Gross margin is important for e-commerce sellers, as it provides a clear understanding of their profit growth.

By calculating gross margin, sellers can determine if they are earning enough to cover their costs and generate a profit.

A high gross margin indicates a strong financial position, while a low gross margin suggests the need for changes in the business model to improve profitability.

What is a Good Gross Margin?

The answer to this question can vary depending on a few different factors like the industry, product category, and business model.

However, as a general rule of thumb, e-commerce sellers tend to aim for a gross margin of 30% or higher.

Gross Margin Example

Suppose you sell a product for $100. If the cost of goods sold for the product is $50, then the gross margin for the product is 50%.

In other words, for every $100 in revenue generated from the sale of the product, the seller earns a profit of $50.

Gross Margin Formula

The formula for gross margin is:

Gross margin = (total revenue - COGS) / total revenue

For example, if your business generates $100 in revenue and has $50 in cost of goods sold (COGS), then its gross margin would be 50%.

Gross Margin vs.

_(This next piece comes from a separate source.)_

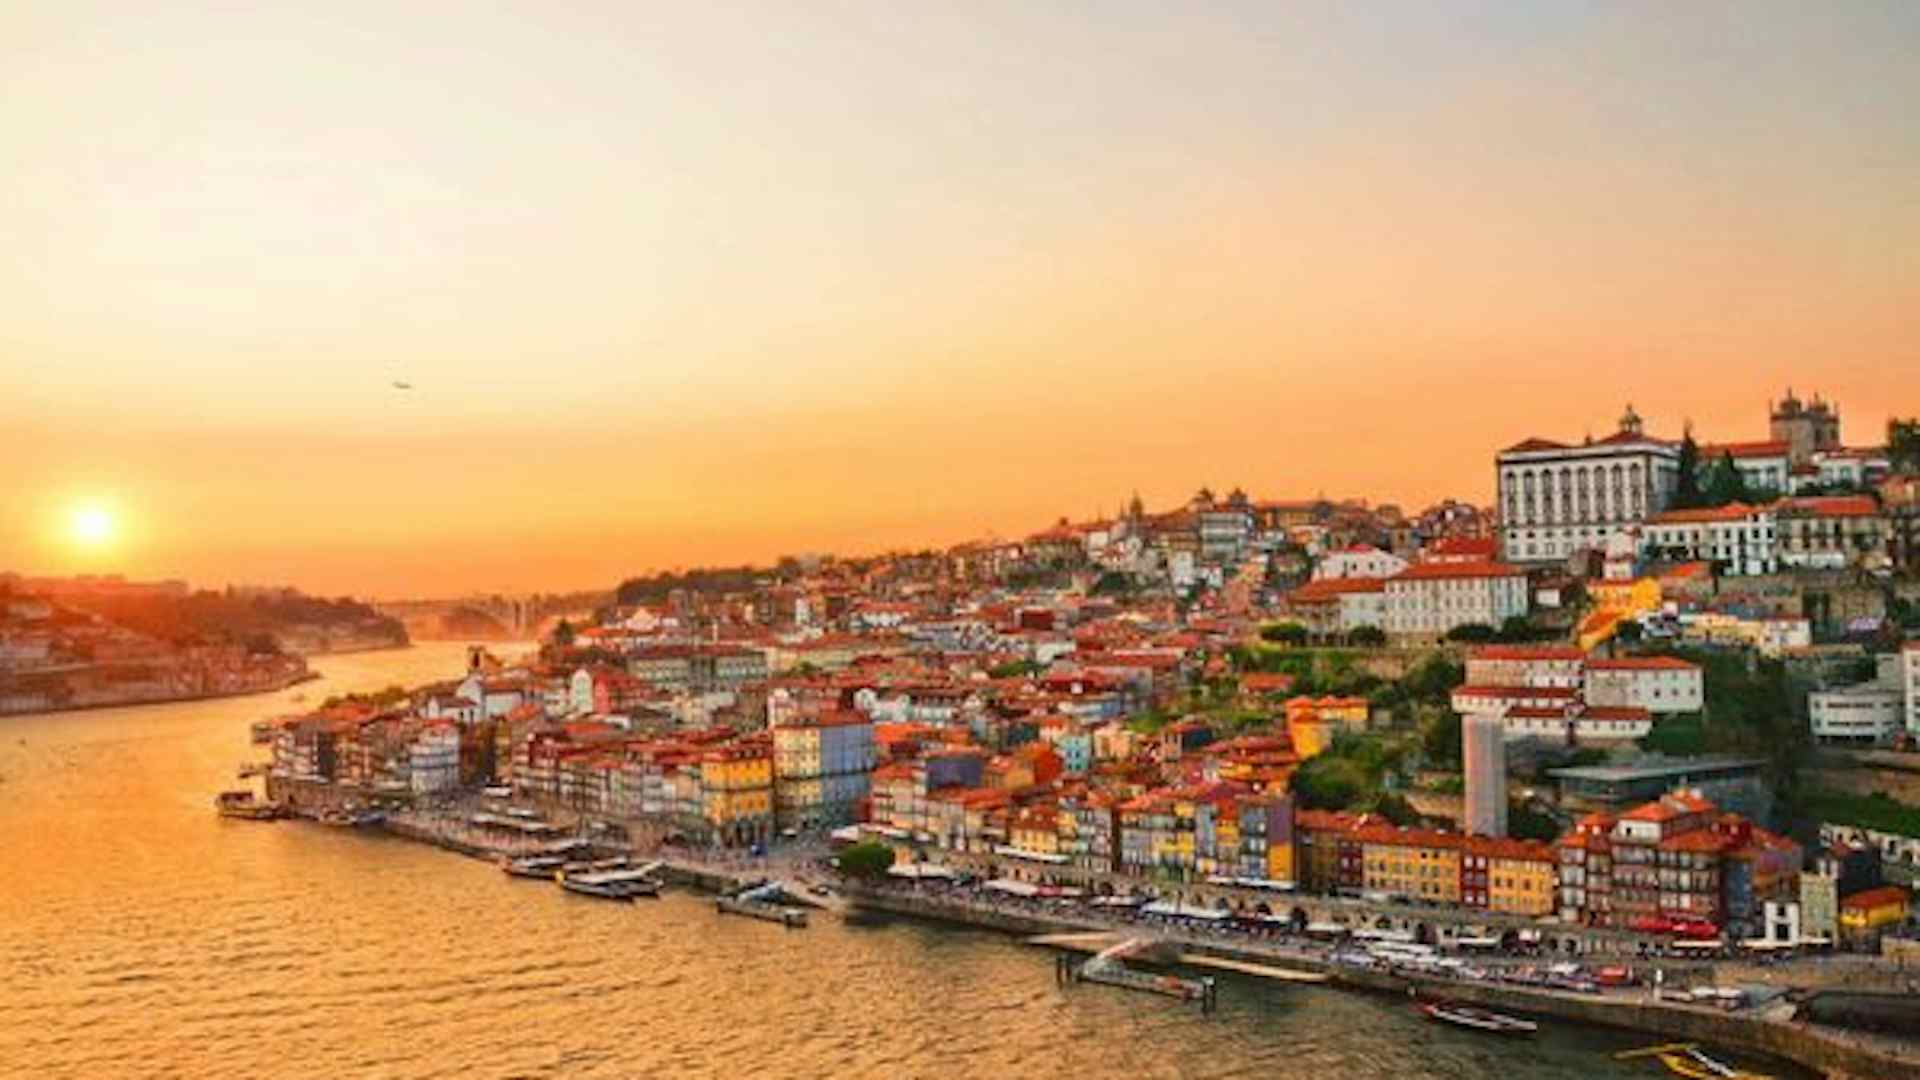 February's International Destination Of The Month: Porto

Gross Profit

Gross margin is often confused with gross profit, but there is a subtle difference between the two terms.

Gross profit is the amount of money your business makes after deducting the cost of goods sold (COGS) from its total revenue.

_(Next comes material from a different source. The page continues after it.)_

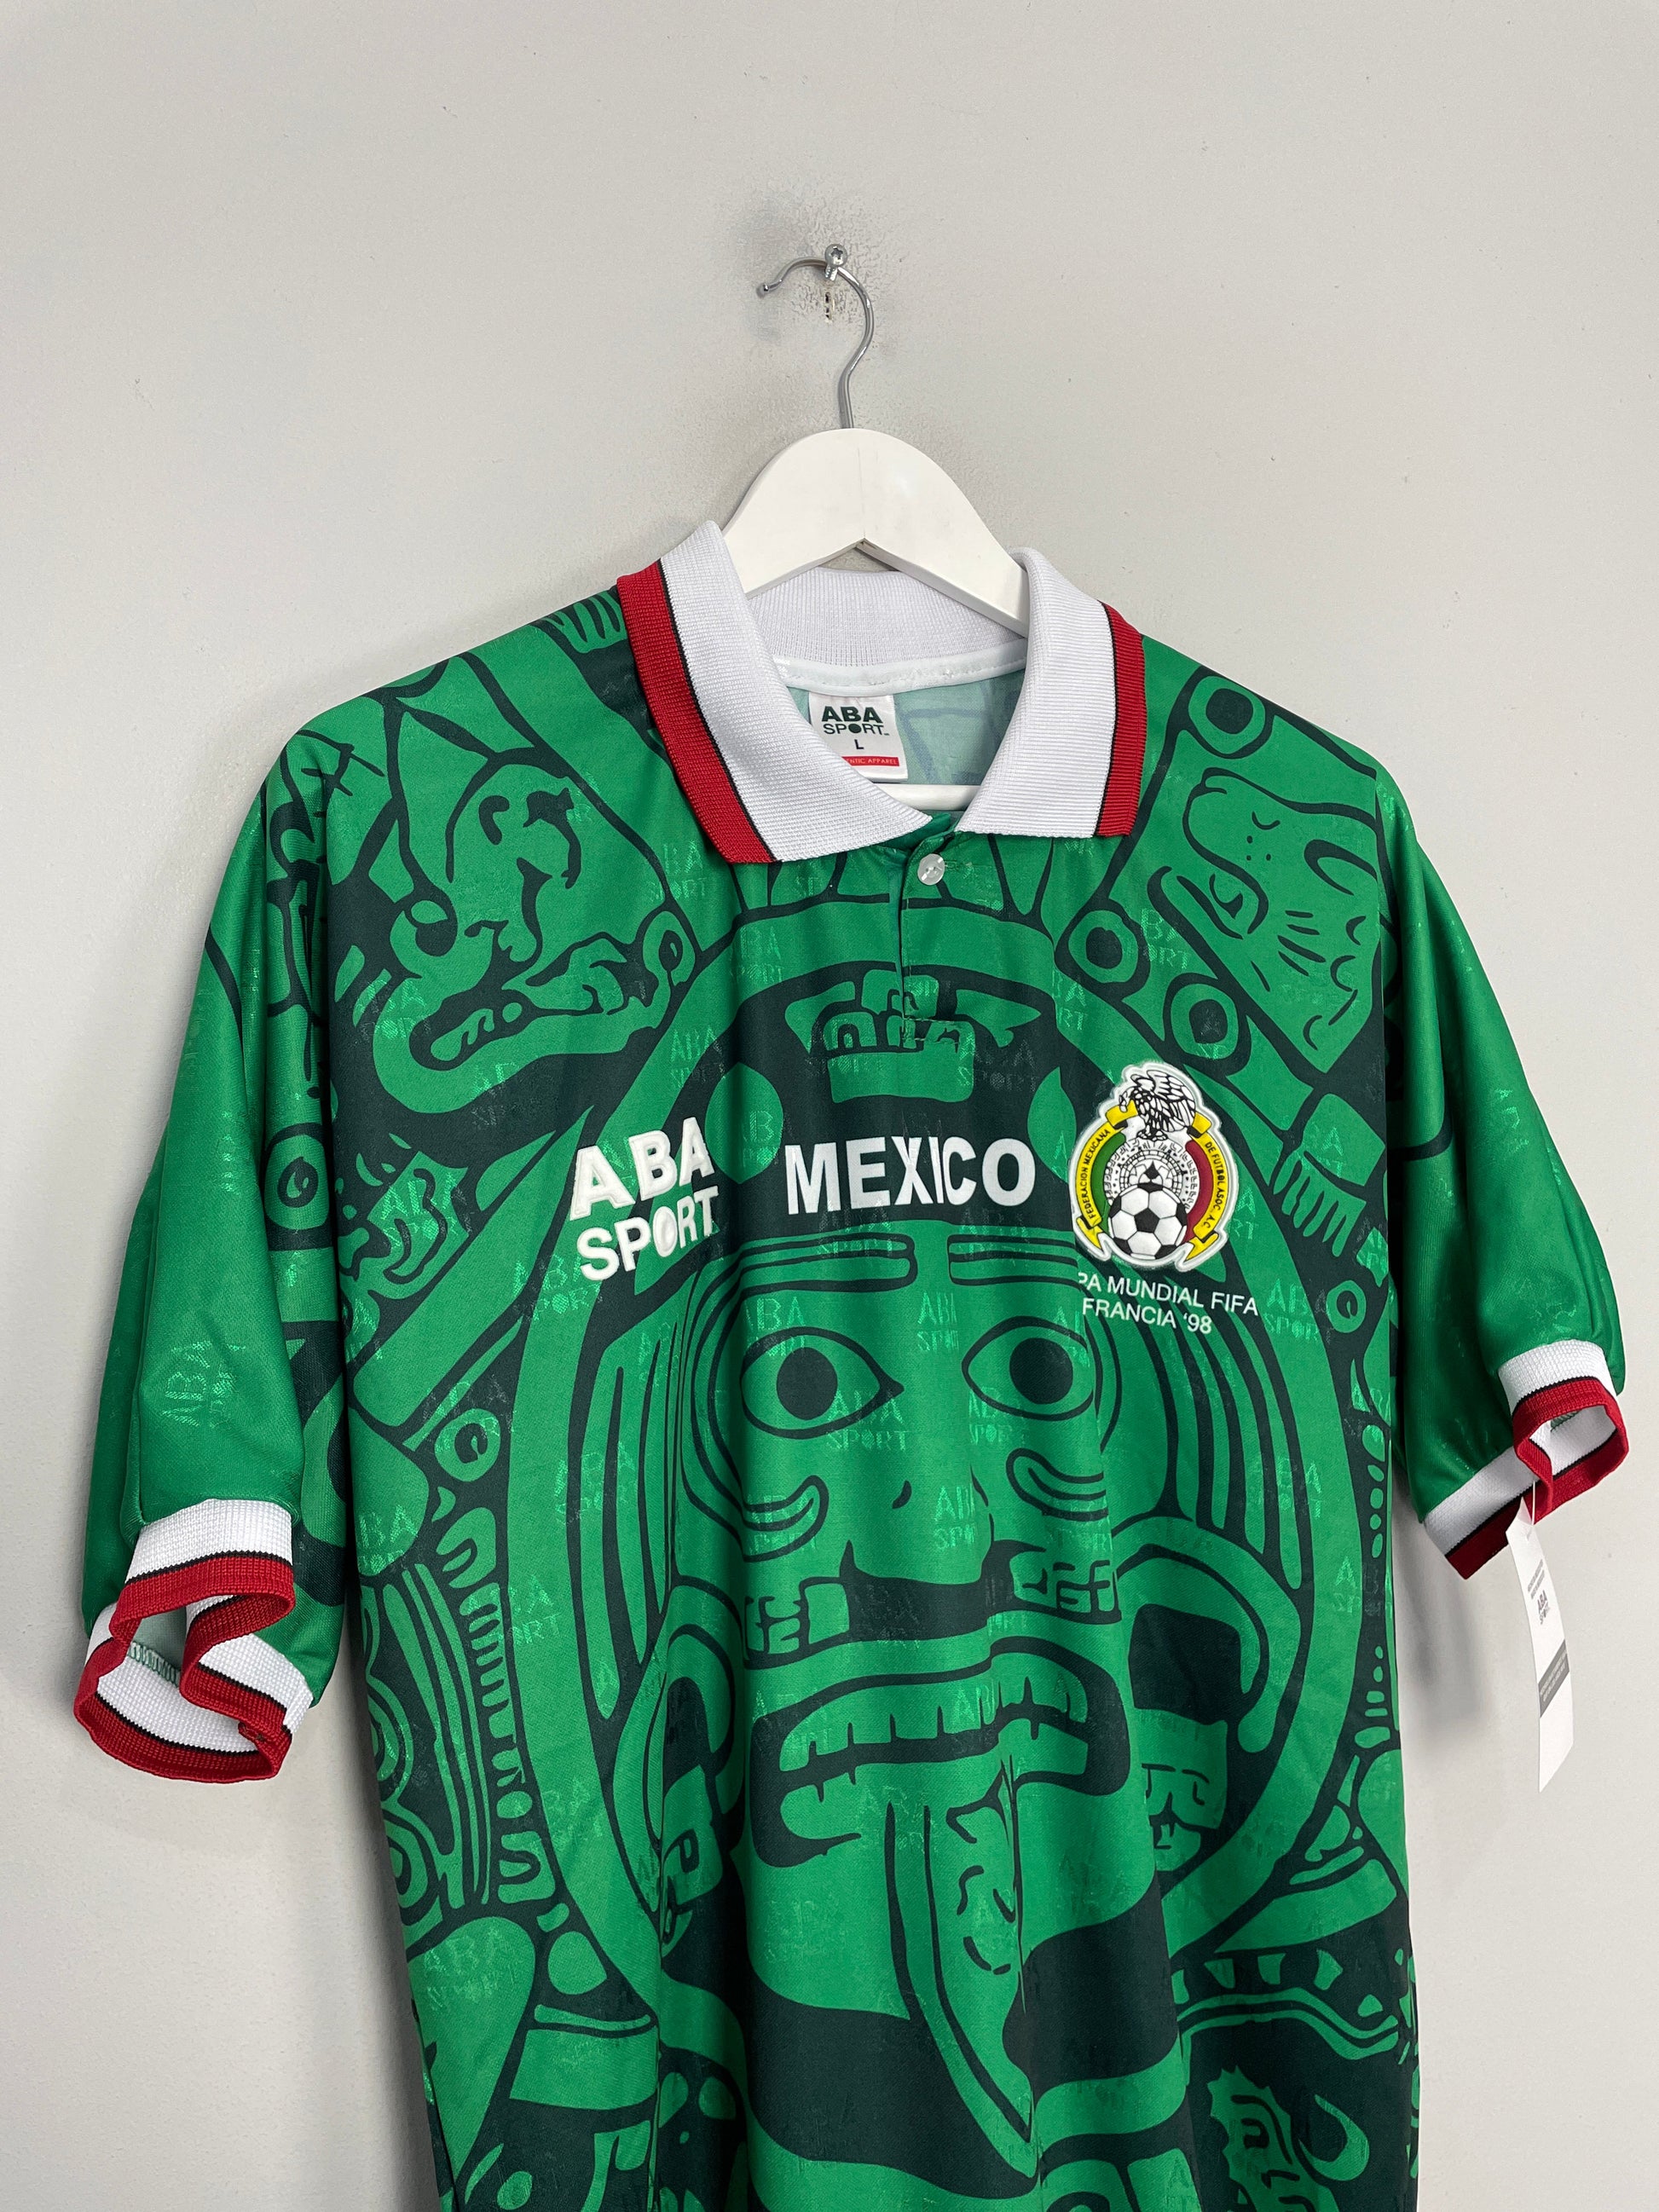 Cult Kits - Mexico 1998 reissue home shirt aba sport close up

In contrast, gross margin is expressed as a percentage and represents the proportion of total revenue that remains after deducting COGS.

Gross Margin vs. Net Margin

Gross margin is definitely an important metric to track, but it's not the only one!

Another key metric to keep an eye on is net margin, which measures the overall profitability of your business.

To calculate net margin, deduct all expenses, including COGS, marketing expenses, and operating expenses, from your total revenue.

Tips to improve Gross Margin?

There are several things that e-commerce sellers can use to improve their gross margin. These include:

  • Purchasing products at a lower cost
  • Selling products with higher profit margins
  • Decreasing marketing and operating expenses
  • Increasing the number of products sold


By understanding what gross margin is, how to calculate it, and what constitutes a good gross margin, you can make informed decisions that will improve your business's profitability.